To allow for adequate data before the first and after the last potential break variable the first month was chosen such that 15 percent of the data was in the preperiod. Symmetrically, the final month was chosen such that 15 percent of the data was in the postperiod (Piehl et al. 1999).

Results

Search for a Shift in Treatment Patterns

Figure 1 summarizes the results of the search for a structural break in receipt of guideline-level treatment for the full sample. Thirty-four logit models predicting receipt of guideline-level treatment were estimated. Each point on the graph in Figure 1 suggests by how much the odds of receiving guideline-level treatment shift if the break were assumed to occur at the month indicated. Each point represents a distinct estimate of whether a break occurred at that time. Thus, this graph does not represent the general trend in treatments from month-to-month. A priori, if no shift occurs, one would expect both positive and negative values that are close to zero and insignificant. If any true shift occurs, one would expect odds ratios of the greatest magnitude when the change actually occurred. Because as the “true break” is approached, the break variable contains more and more data from the true postperiod, one would expect the months prior (post) to the true break to trend toward (away from) the shift.

Figure 1.

Figure 1

Receipt of Guideline-Level Treatment: Odds Ratio of Potential Break Variables, Full Sample

The value of the chi-square test statistic of a change in the intercept is noted for select months. As seen in the figure, the maximum value of the Wald test statistic is 8.56 and occurs in November 1995, approximately two months after the carve-out begins. Note that the maximum odds ratio (2.04) occurs in March 1996. The associated chi-square test statistic is 7.26, slightly less than the maximum chi-square value of 8.56.
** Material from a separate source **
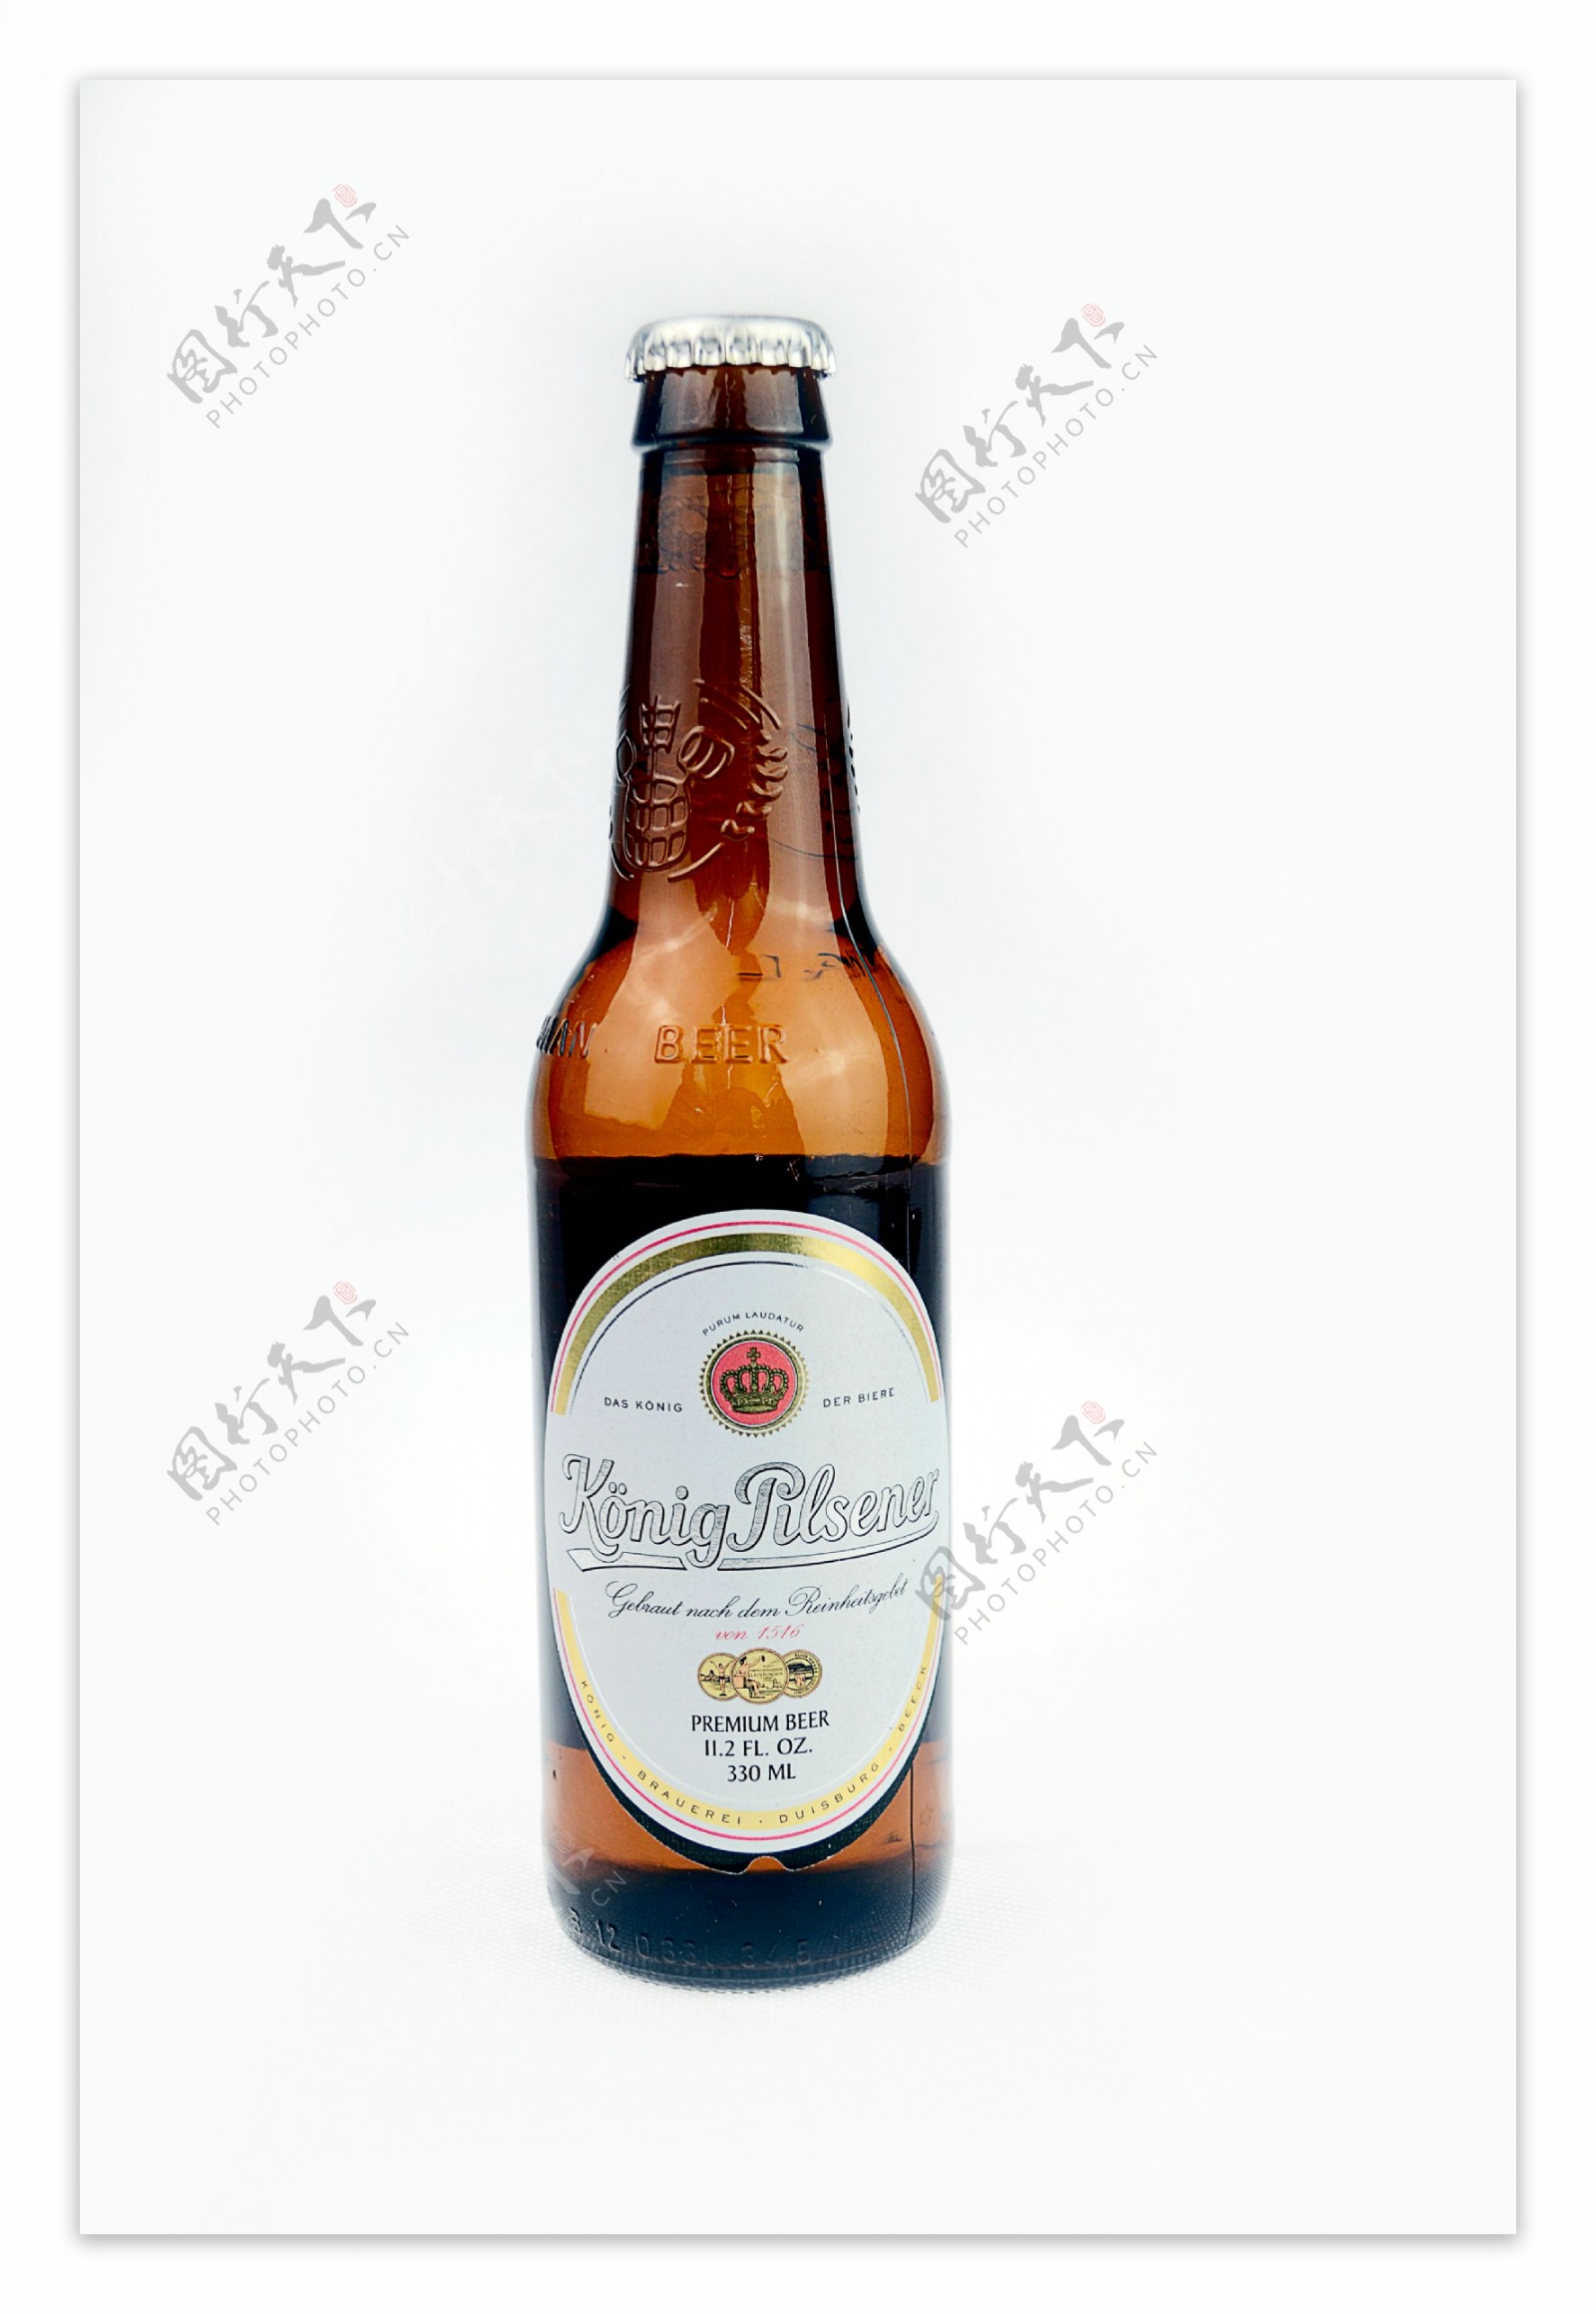 酒瓶啤酒图片

The critical value for this test at the 5 percent significance level is 8.45 (Andrews 1993). Comparing this value to the maximum value found in this data allowed me to reject the null hypothesis of no change in the intercept in favor of a statistically significant structural break in the data in November 1995. The magnitude of the coefficient indicates an odds ratio of 1.95 or an approximate doubling of the odds of receiving guideline-level treatment. The timing of the break suggests that changes in quality of care attributable to the carve-out were not realized until two months after the carve-out officially began.

Due to the high prevalence of my dependent variables in this population, throughout the remaining results and discussion sections odds ratios are converted to relative risk ratios (Zhang and Yu 1998; Schwartz, Woloshin, and Welch 1999).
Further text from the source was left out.